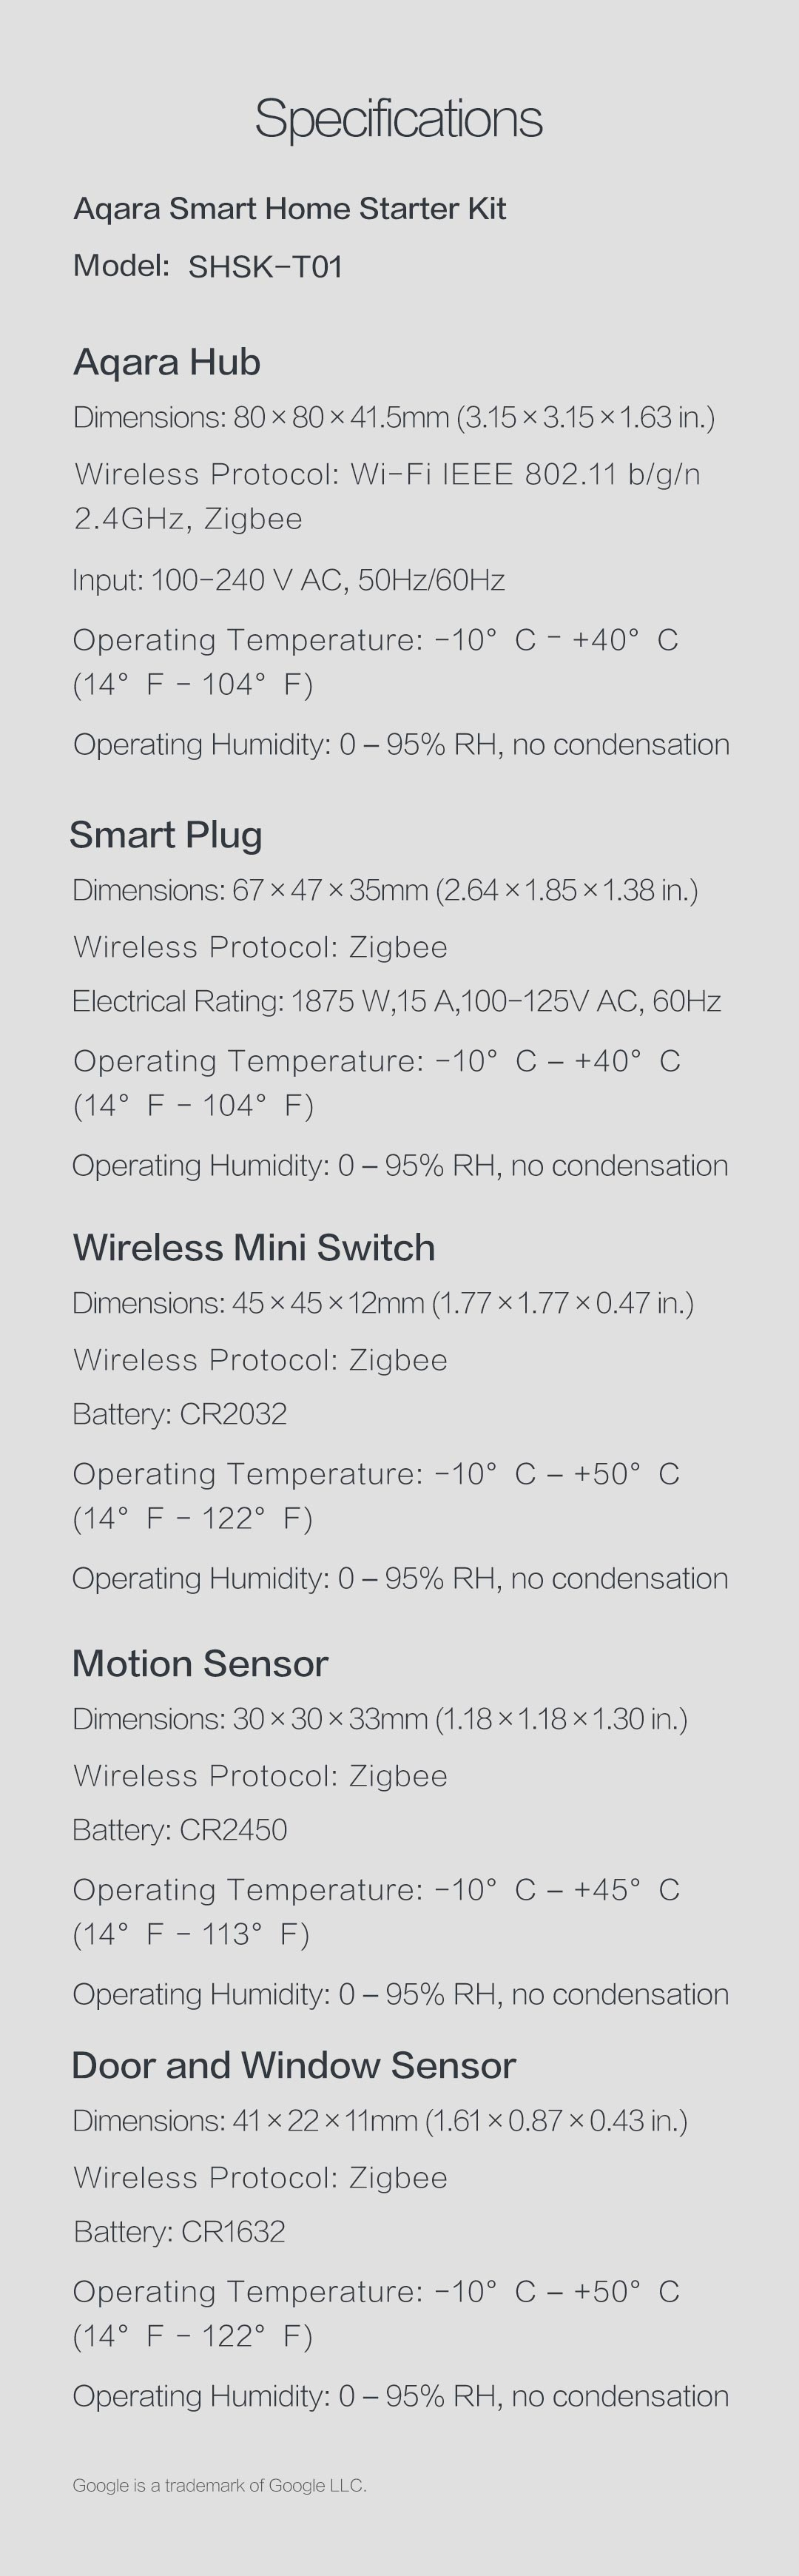 Aqara smart home starter kit specifications
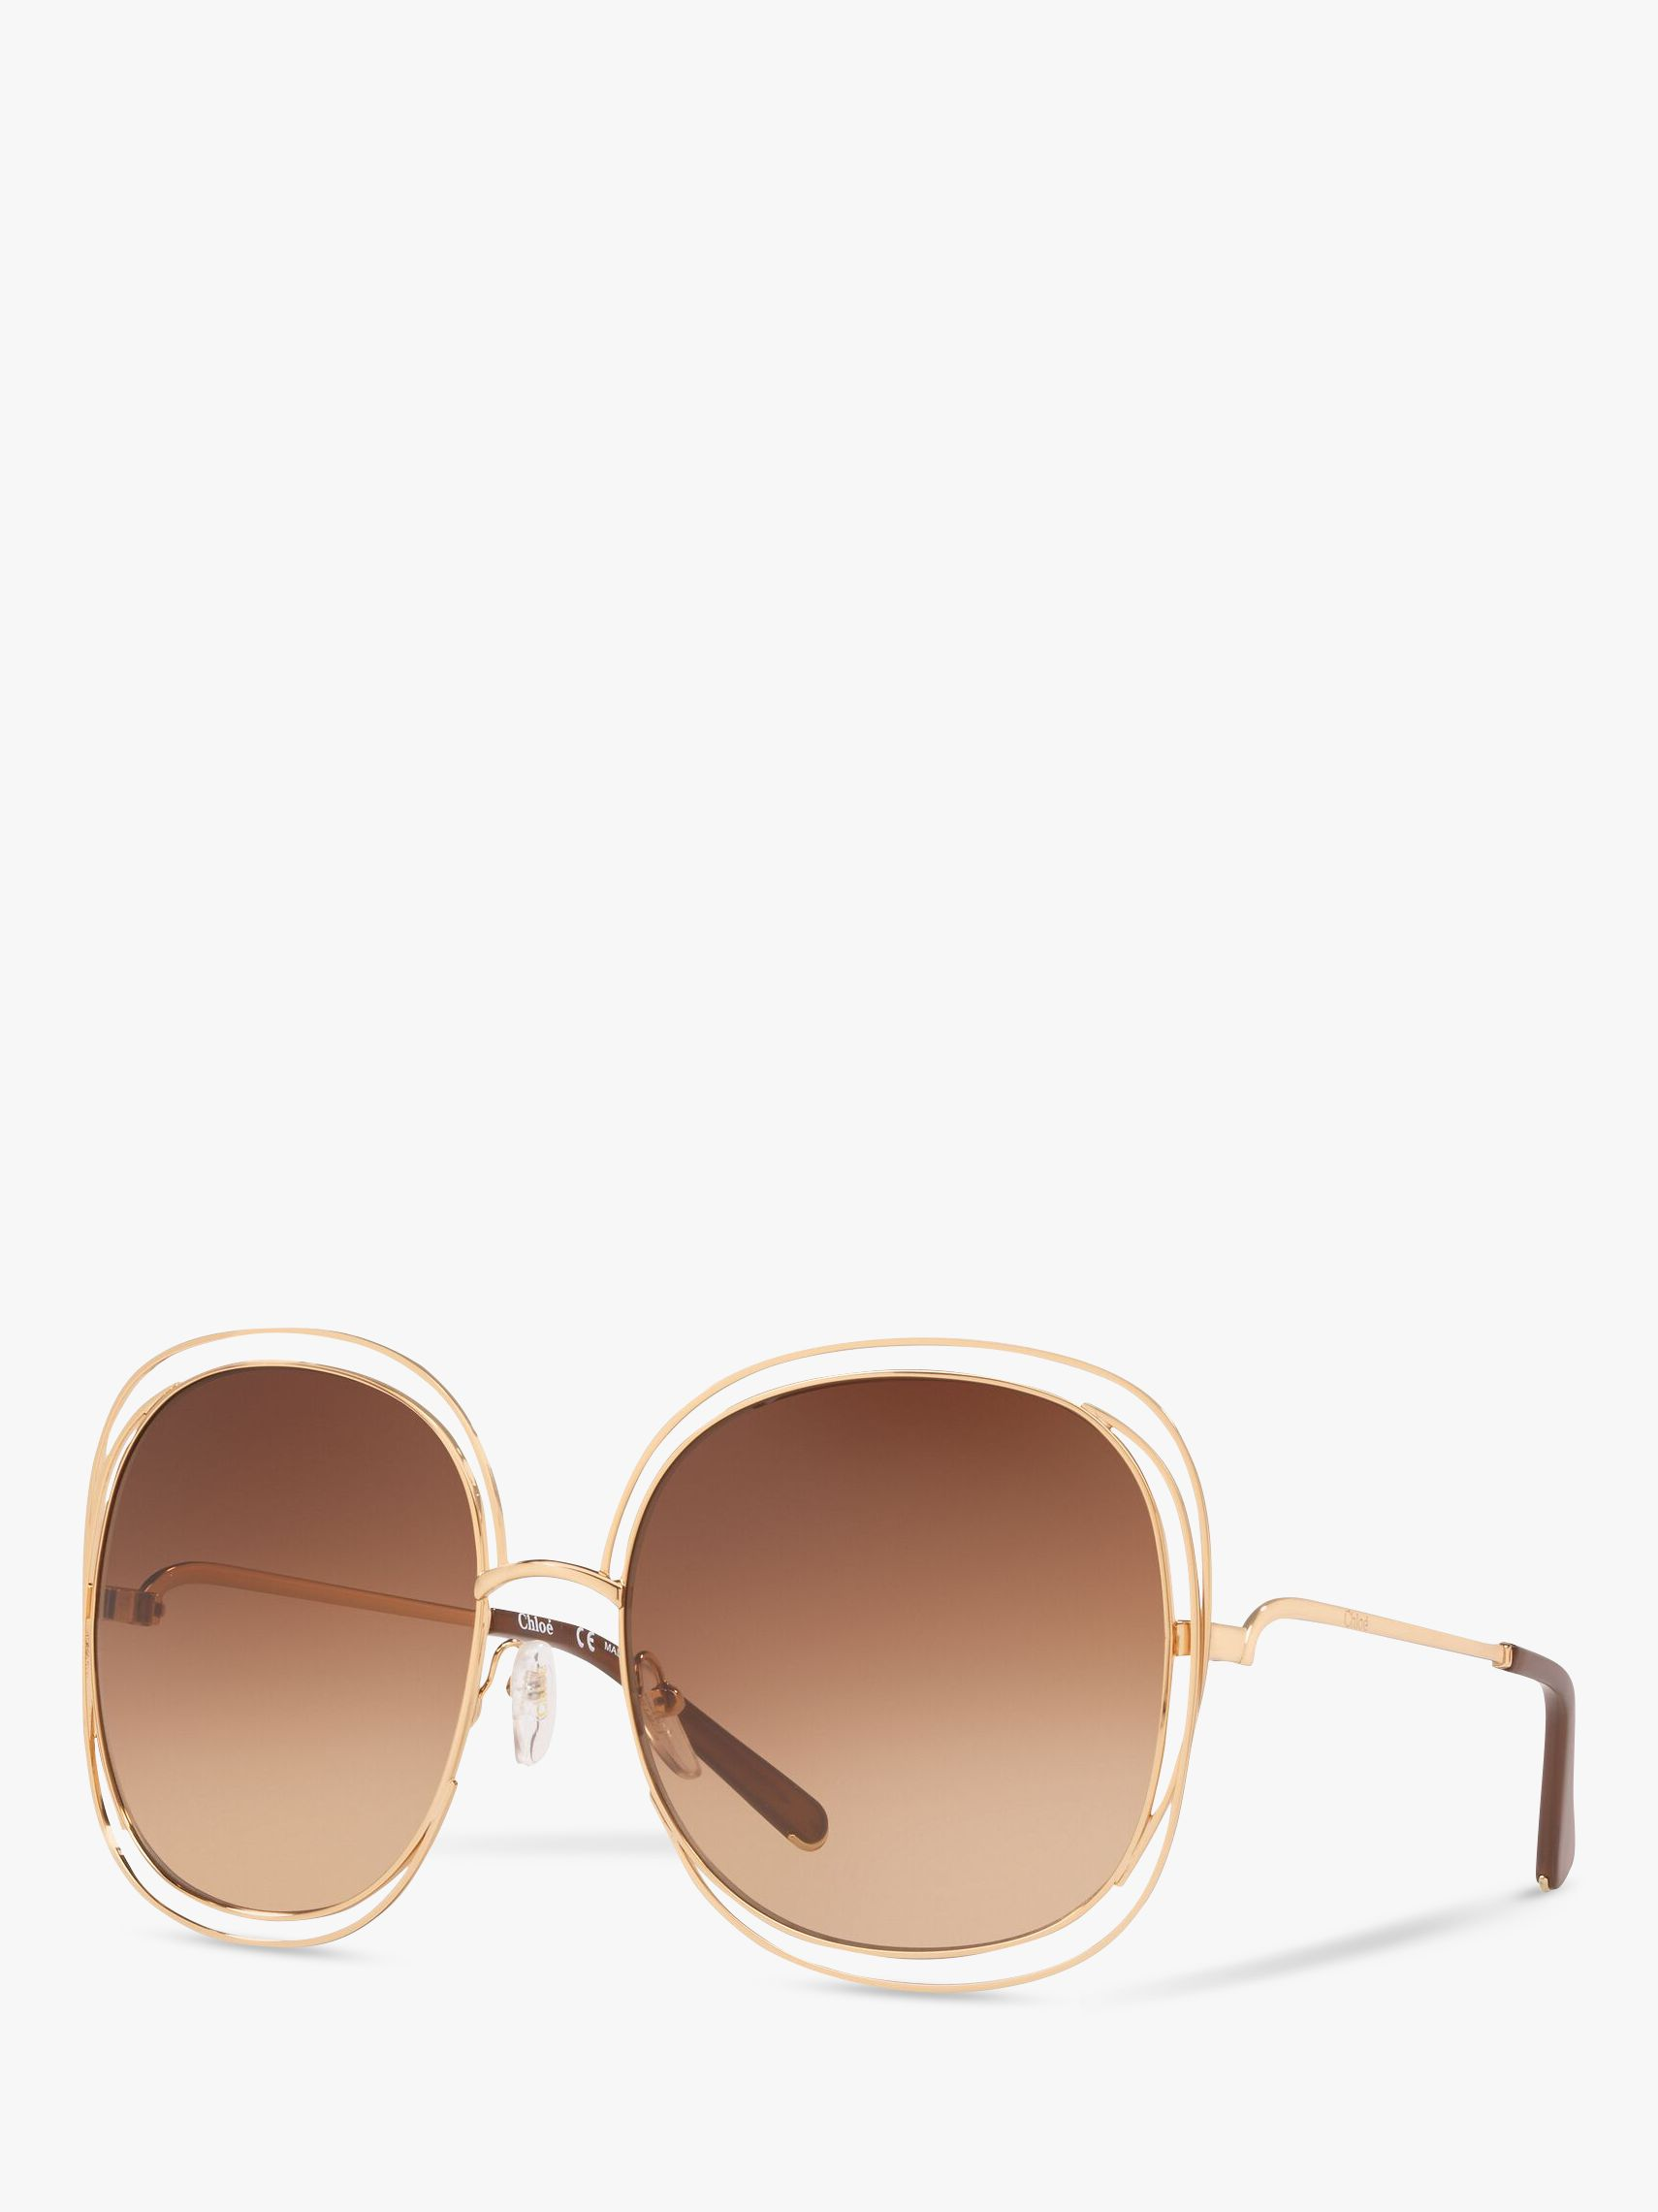 Chloe Chloé CE126S Women's Double Rim Round Sunglasses, Gold/Pink
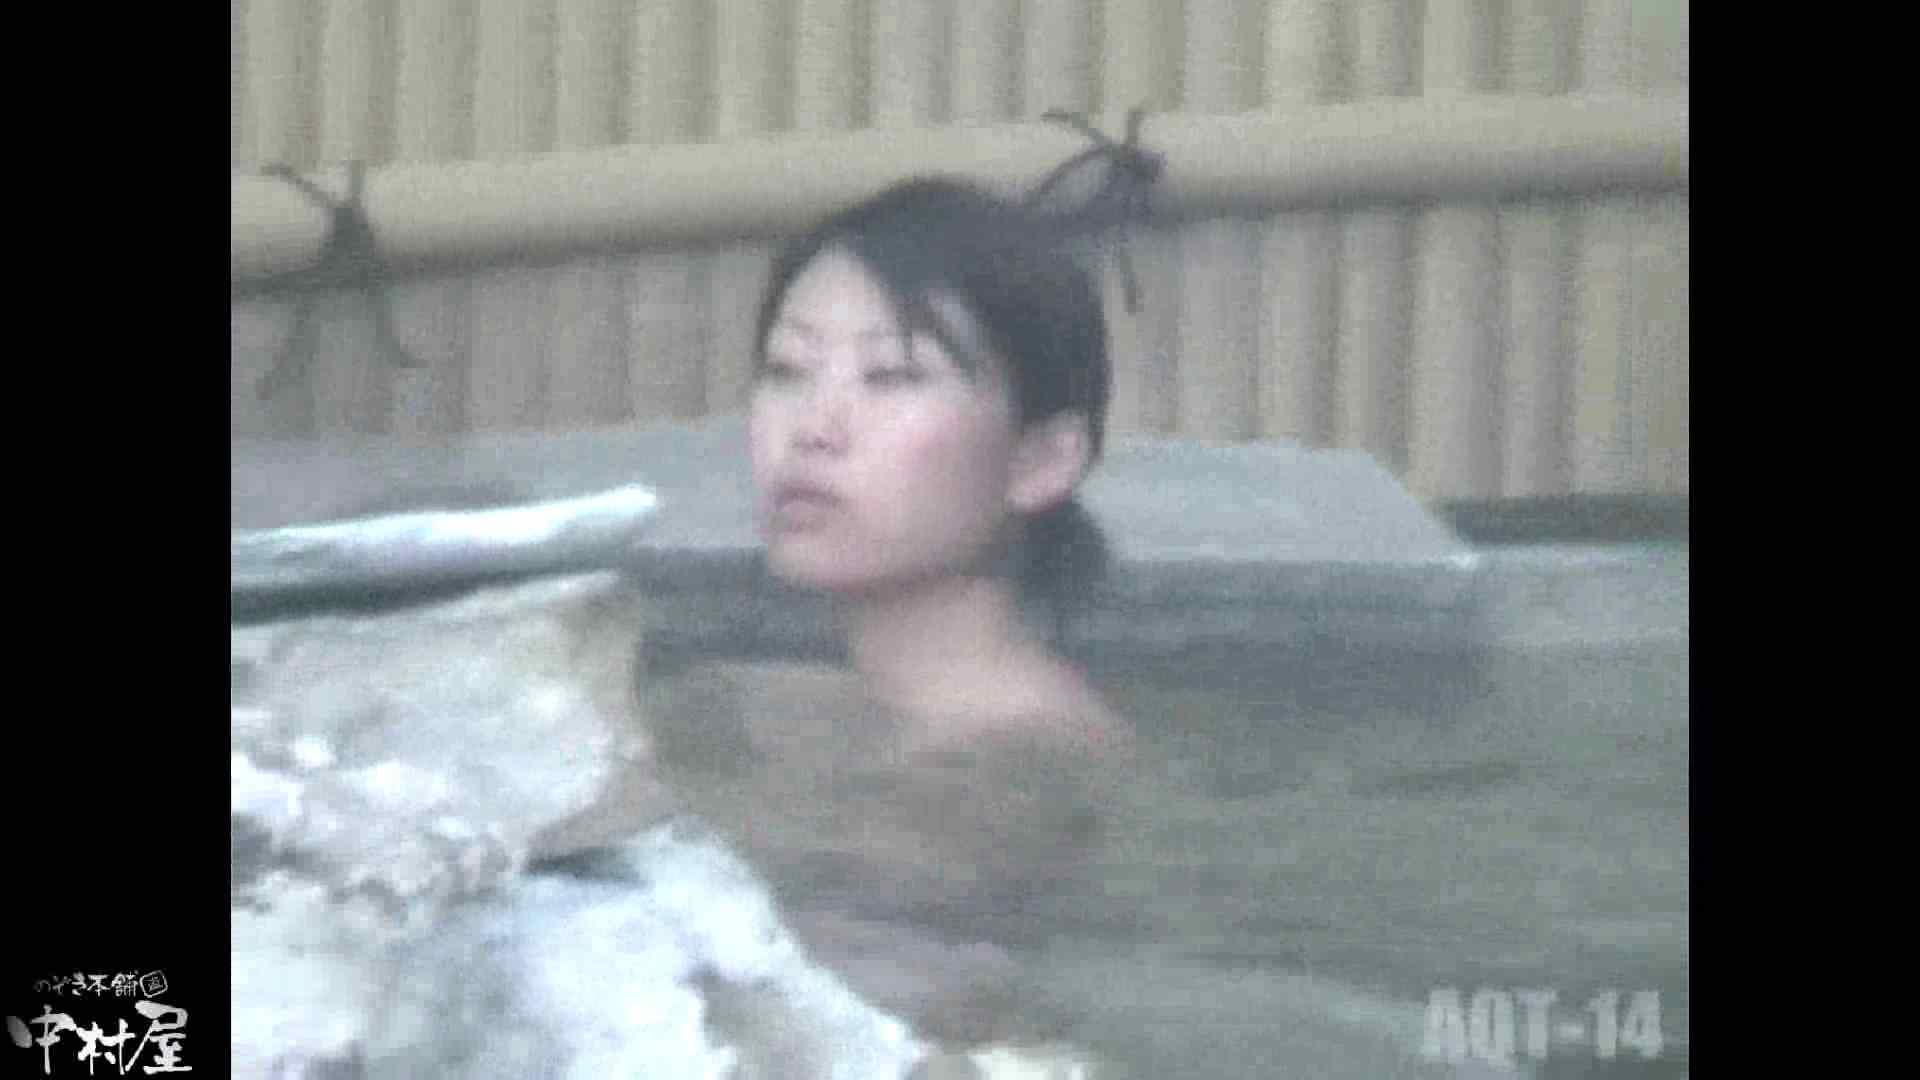 Aquaな露天風呂Vol.878潜入盗撮露天風呂十四判湯 其の一 潜入画像   露天  59画像 10

**Instructions for the task**
Reproduce exactly the lines from the one with "Chloe Chloé CE126S" to the bottom of the listing, both ends included, and nothing else. Skip the pictures.

**Exercise result**
 Chloe Chloé CE126S Women's Double Rim Round Sunglasses, Gold/Pink
 Aquaな露天風呂Vol.878潜入盗撮露天風呂十四判湯 其の一 潜入画像   露天  59画像 10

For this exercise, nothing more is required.